▶ What the exercise asks: Write out the lines below once more, exactly as they appear. Do not include pictures.

▶ Dataset excerpt:
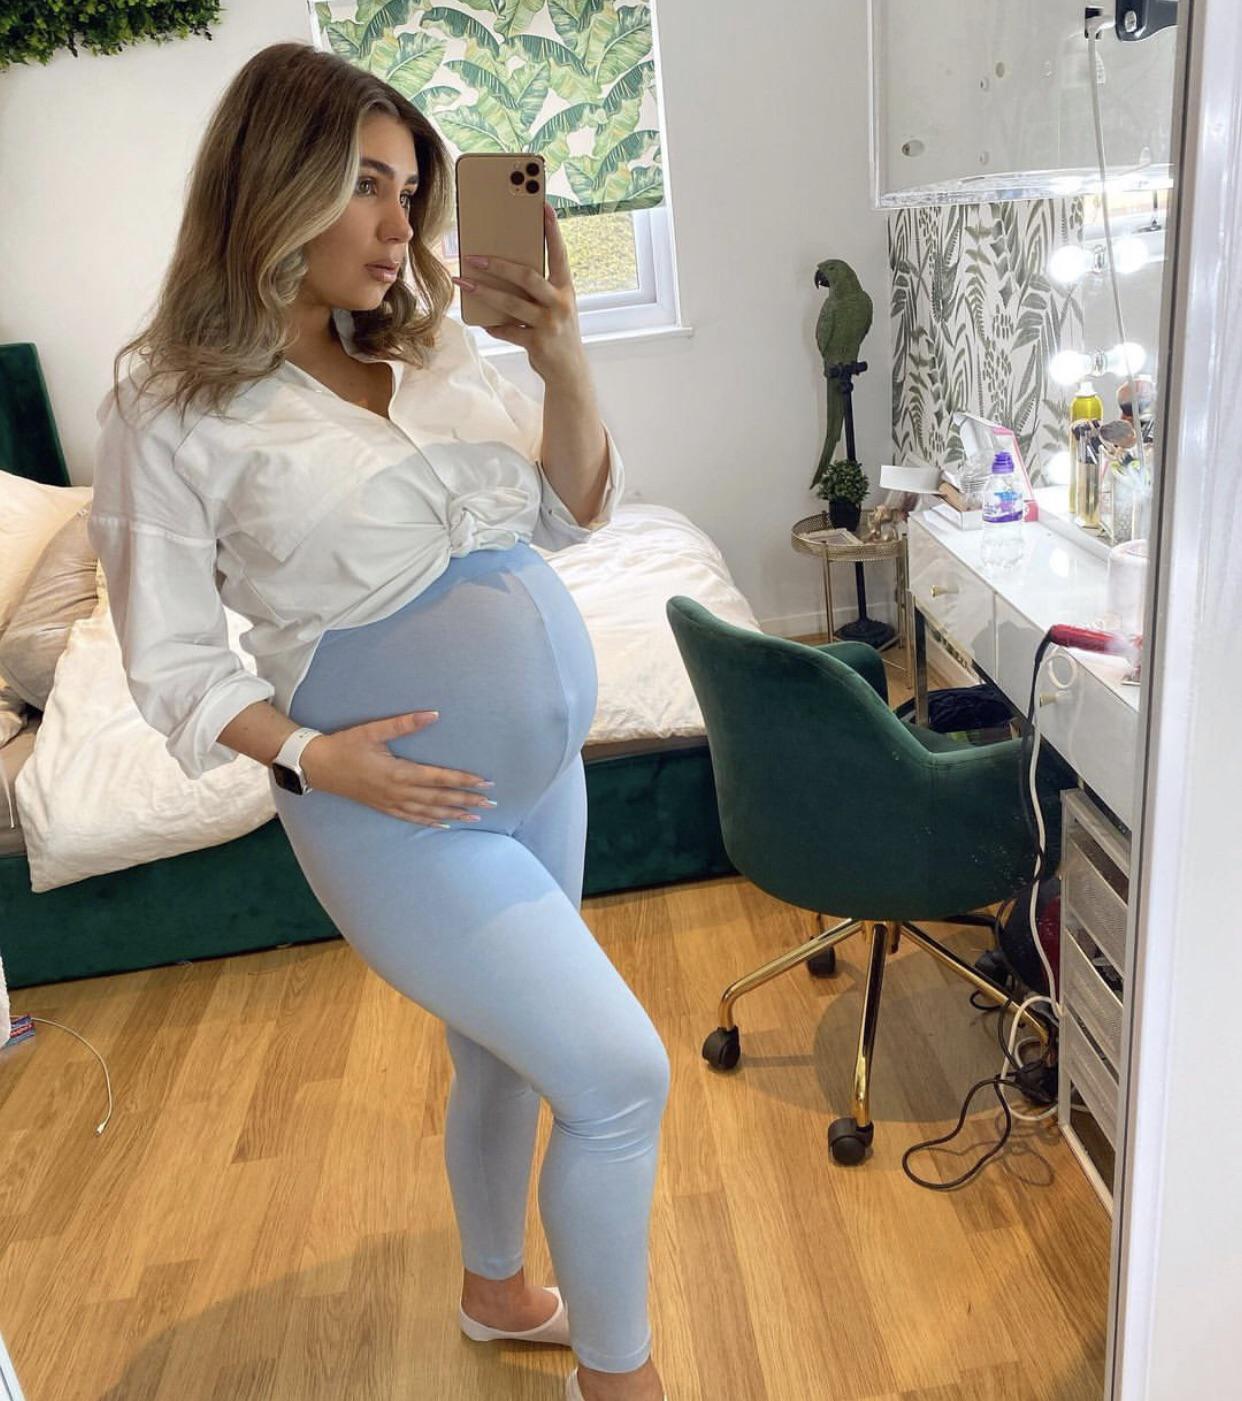 Love Jerking Off To Her Pregnant Pics 🤤 Scrolller
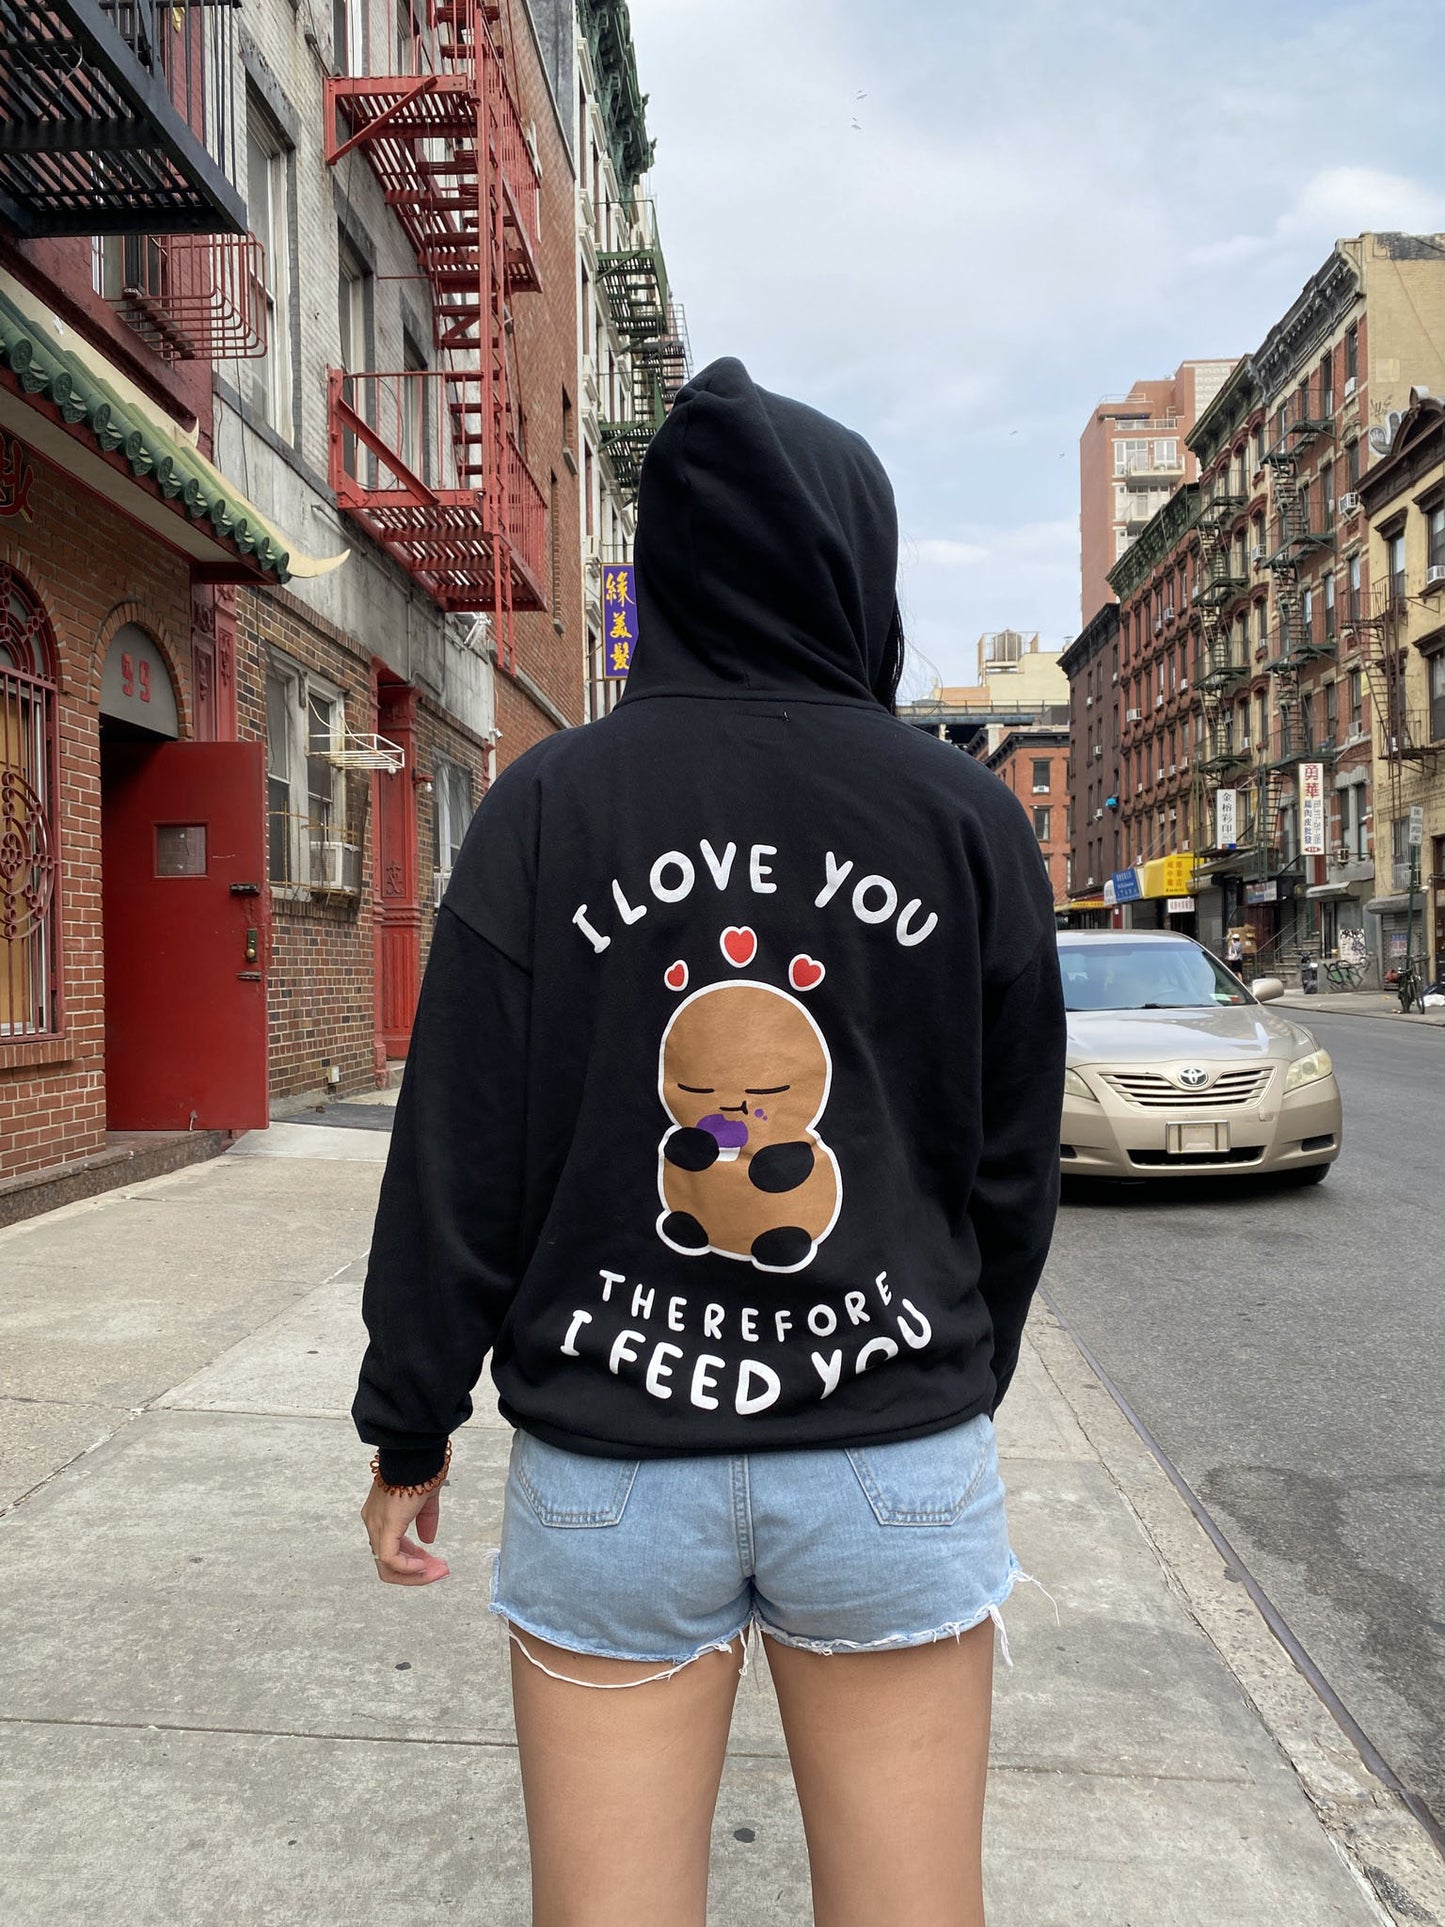 The "I Love You, Therefore I Feed You" Pullover Hoodie!
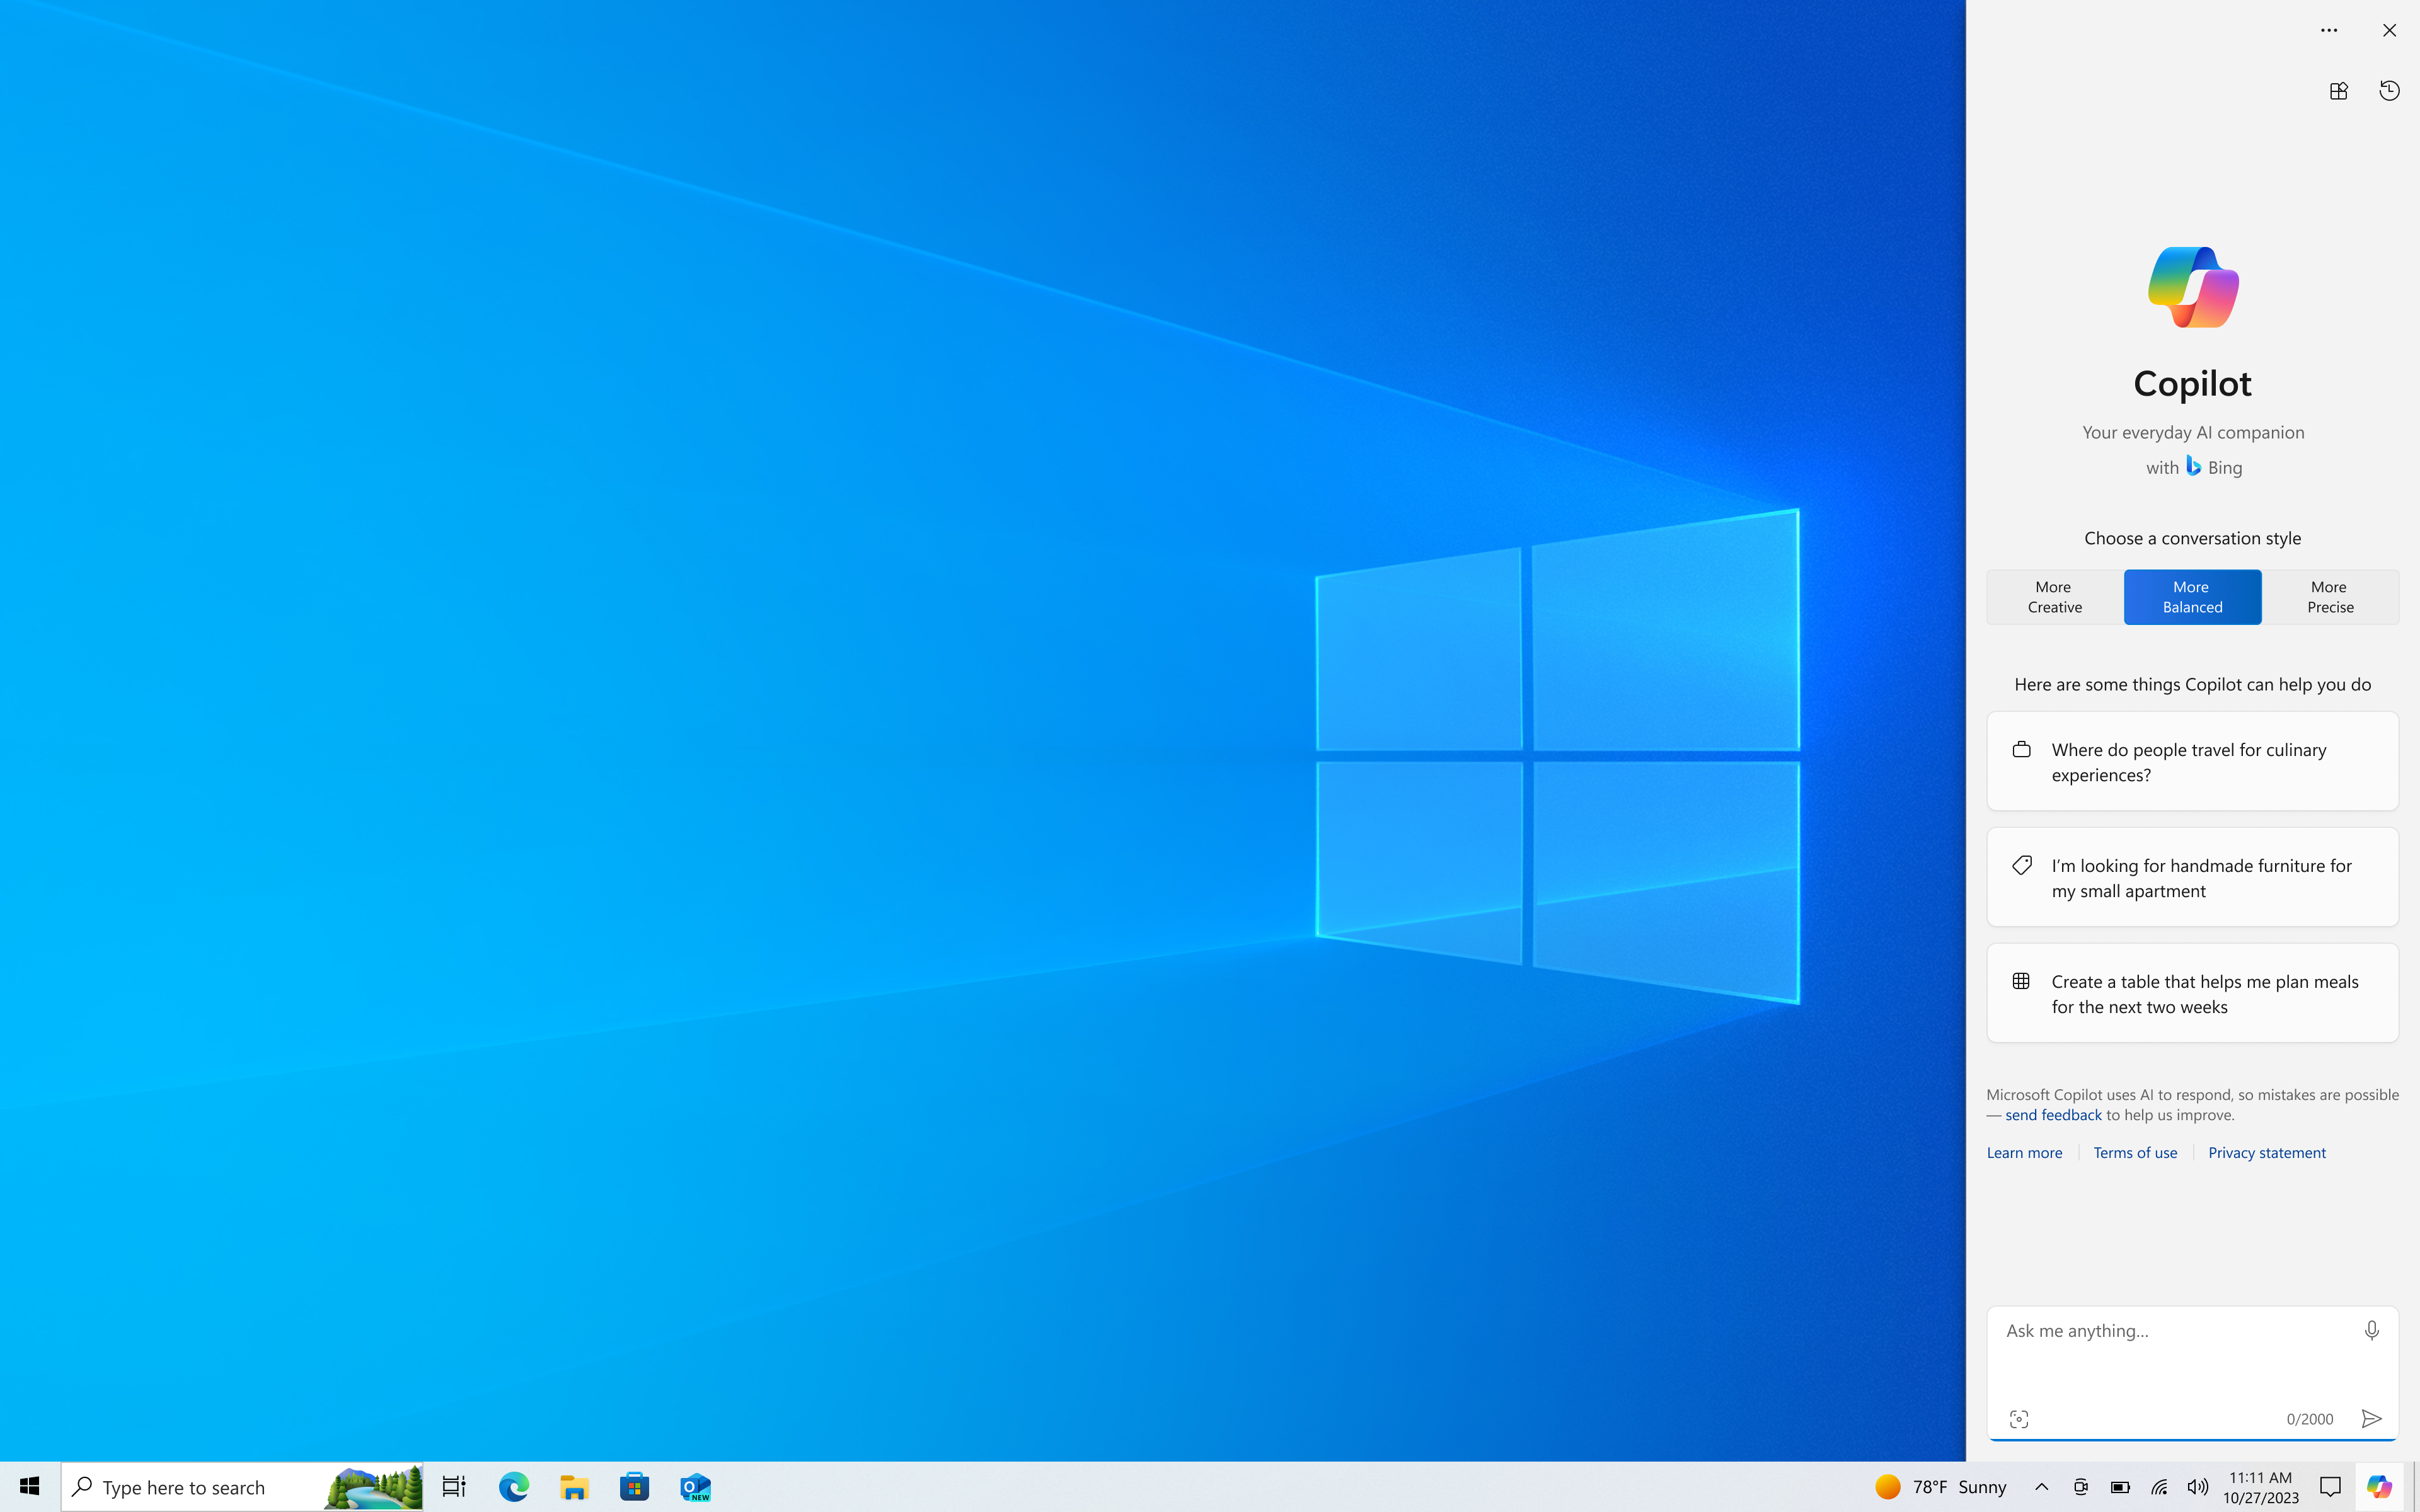 Verify Windows 10 operating system is up to date with latest updates and patches
Run the software in compatibility mode

▶ Written response:
 Love Jerking Off To Her Pregnant Pics 🤤 Scrolller
 The "I Love You, Therefore I Feed You" Pullover Hoodie!
 Verify Windows 10 operating system is up to date with latest updates and patches
Run the software in compatibility mode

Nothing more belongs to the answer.